To clarify, I don't think this would actually affect the API for BorrowedBuf as-is, since it actually provides more than you really need for this use case. The main distinction would be that BorrowedBuf could use it internally.

However, the expectation would be that simpler APIs similar to read could look like the following:

fn read_buf<'b>(&mut self, buf: ForwardInit<'b, [u8]>) -> &'b [u8];

(note that the choice to return &[u8] or &mut [u8] is mostly arbitrary; ForwardInit returns &mut for flexibility, but you can decide to return an immutable version if you prefer)

This API is a bit different from BorrowedBuf or BorrowedCursor since that API explicitly stores all the information about what is initialized in the struct itself. However, if you just want a simple API where you read some data to either copy somewhere else or discard after you've read it, you really only need to return the slice of initialized data, since that gives you all the information you need.

Maybe a similar analogy to an API that might look similar to this is char::encode_utf8, which currently takes in &mut [u8] and returns &mut str.
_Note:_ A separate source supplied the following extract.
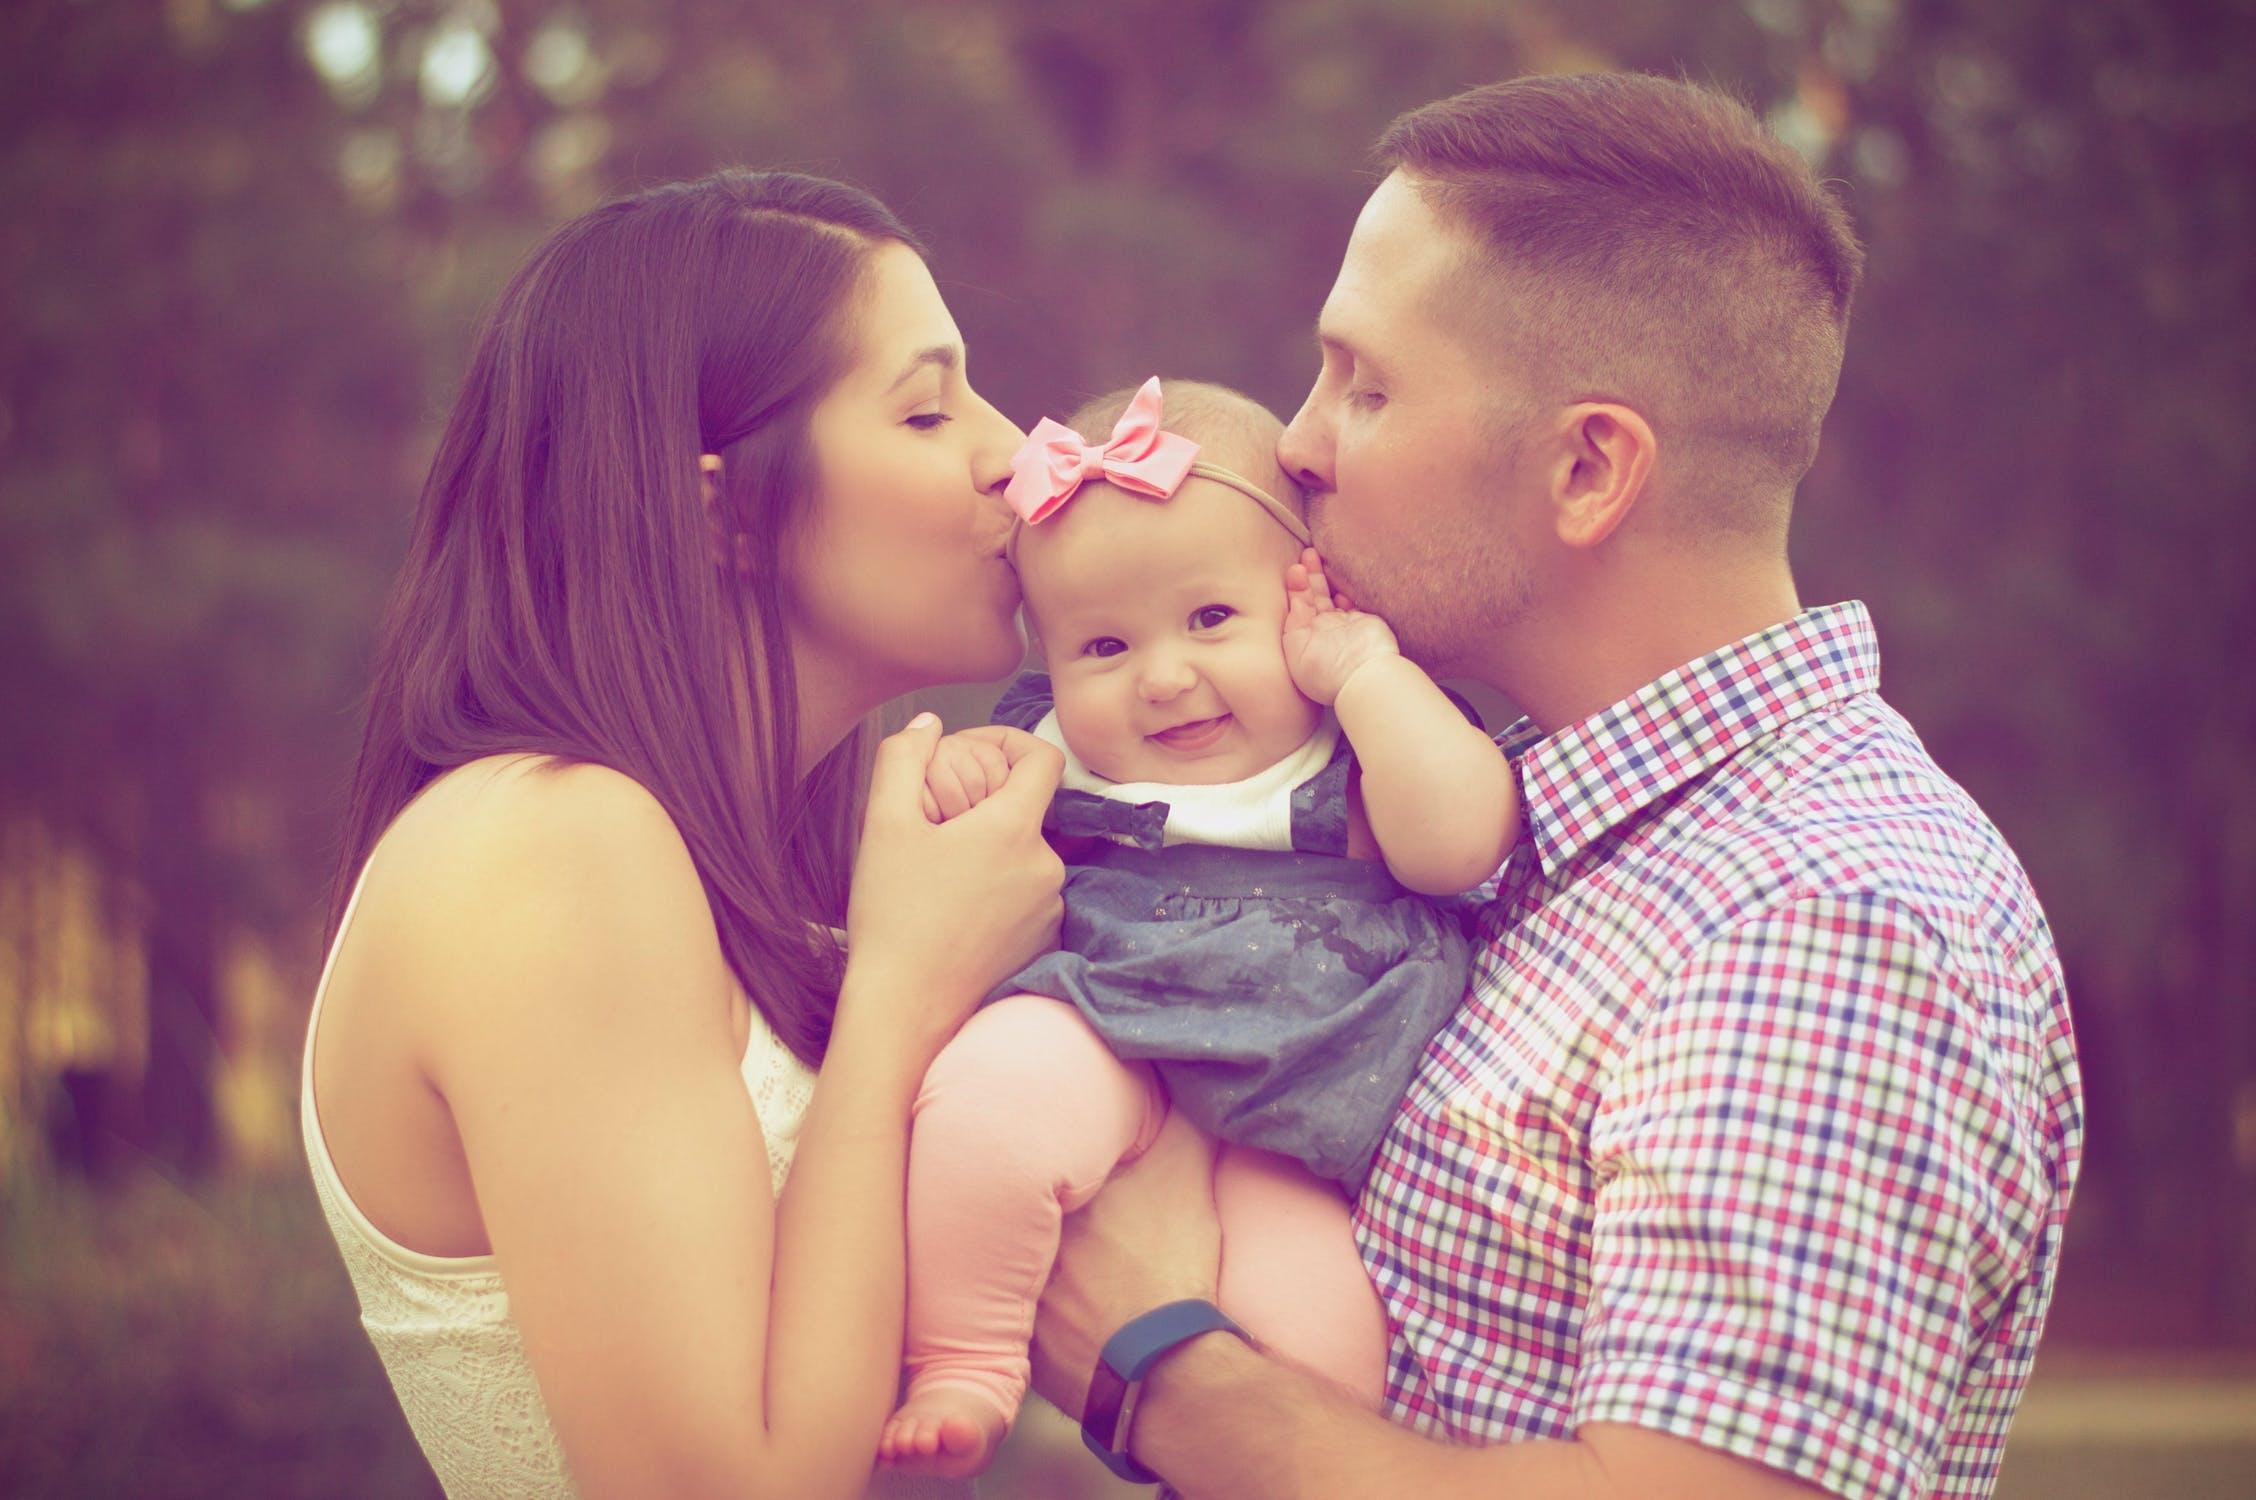 Program dofinansowania in vitro w Warszawie przyniósł rodzicom szczęście /Na zdjęciu: Rodzice całują uśmiechniętą małą dziewczynkę z różową kokardką

This could instead take in ForwardInit<'_, [u8]> and the API would effectively work the same: you're not expecting to actually save the buffer you receive after the fact, and are just using it as a place to store temporary data to be copied elsewhere before being discarded.

And also to further clarify: the main benefit of an API like this is that you can write one function that works with ForwardInit and you can effectively pass both &mut [T] and &mut [MaybeUninit<T>] to the same function, assuming you first convert them to a ForwardInit. The main benefit is that you're only writing one function to handle cases instead of several that are parameterised depending on whether the buffer was initialized or not beforehand.